Who are your favourite British authors?   In Scotland we would naturally think of Sir Walter Scott, Robert Burns, Robert Louis Stevenson,  Arthur Connan Doyle etc... but there are numerous modern writers like Ian Rankin, Iain Banks, Muriel Spark etc..

In England, you would be spoiled for choice with Shakespeare, Dickens, the Bronte sisters, Beatrix Potter and my favourite childrens'   author, Arthur Ransome ...


----------



## CinnamonSugar (Jun 12, 2020)

Ah, there’s a question...   Agatha Christie, Jane Austen, Brontes, James Harriott, AA Milne, Beatrix Potter...  so many more. Really, I probably have 2-3 trips needed lol.  And I’d love to get the feel for their areas through lesser-known, regular-people kind of places, not so much the touristy places 

as to Scotland, that’s a whole different trip. My eldest daughter is big into her Scottish heritage so that trip would be a mother-daughter focus vs literature


----------



## gennie (Jun 12, 2020)

If you are at all adventurous, look at what Eurail and Britrail have to offer.


----------



## Capt Lightning (Jun 12, 2020)

Several of those names were from the north of England, so you could certainly make one trip just to see them.  If you like Harry Potter, then Alnwick castle (used as Hogwarts) is well worth a visit.

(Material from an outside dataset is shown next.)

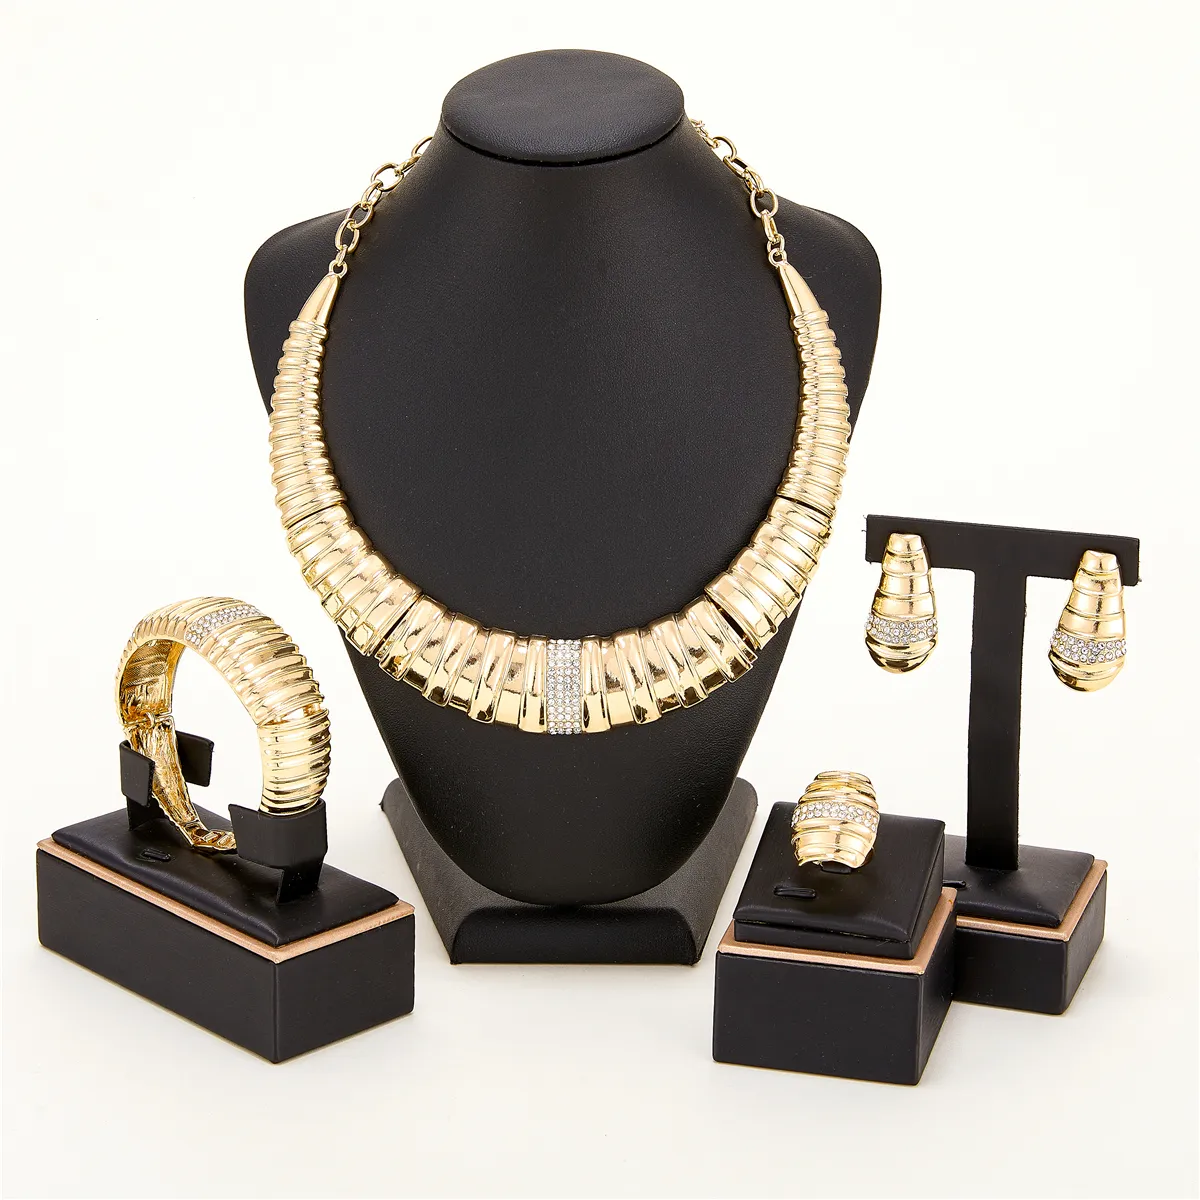 Neueste Design Mode Afrikanischer Großhandel Schmuck liefert Afrika Schmuck 18 Karat Gold gefüllt Halskette Armband Ohrring Ring

I have to confess my ignorance when I first saw a road sign for the "Grassic Gibbon centre".   I'm sure many people thought it was an animal park,  but no.  Lewis Grassic Gibbon was the pseudonym of James Leslie Mitchell, who by coincidence, was born not far from here in the village of Auchnagatt.  He died young, but in his day, he wrote a number of books which were later televised.
His seminal work was "Sunset Song" capturing the world of rural Aberdeenshire before the first world war.


----------



## bowmore (Jul 3, 2020)

I have dealt with 3 companies, all good, but in different price ranges. Vantage Travel offers many tours all over the world. Odysseys Unlimited offers almost the same type of tours, but limits the group to 16-20. The most expensive is Tauck. They have much higher rated accommodations. Also if you travel with them, on you next tour you get a free pre or post night.
We are happy to answer any questions.


----------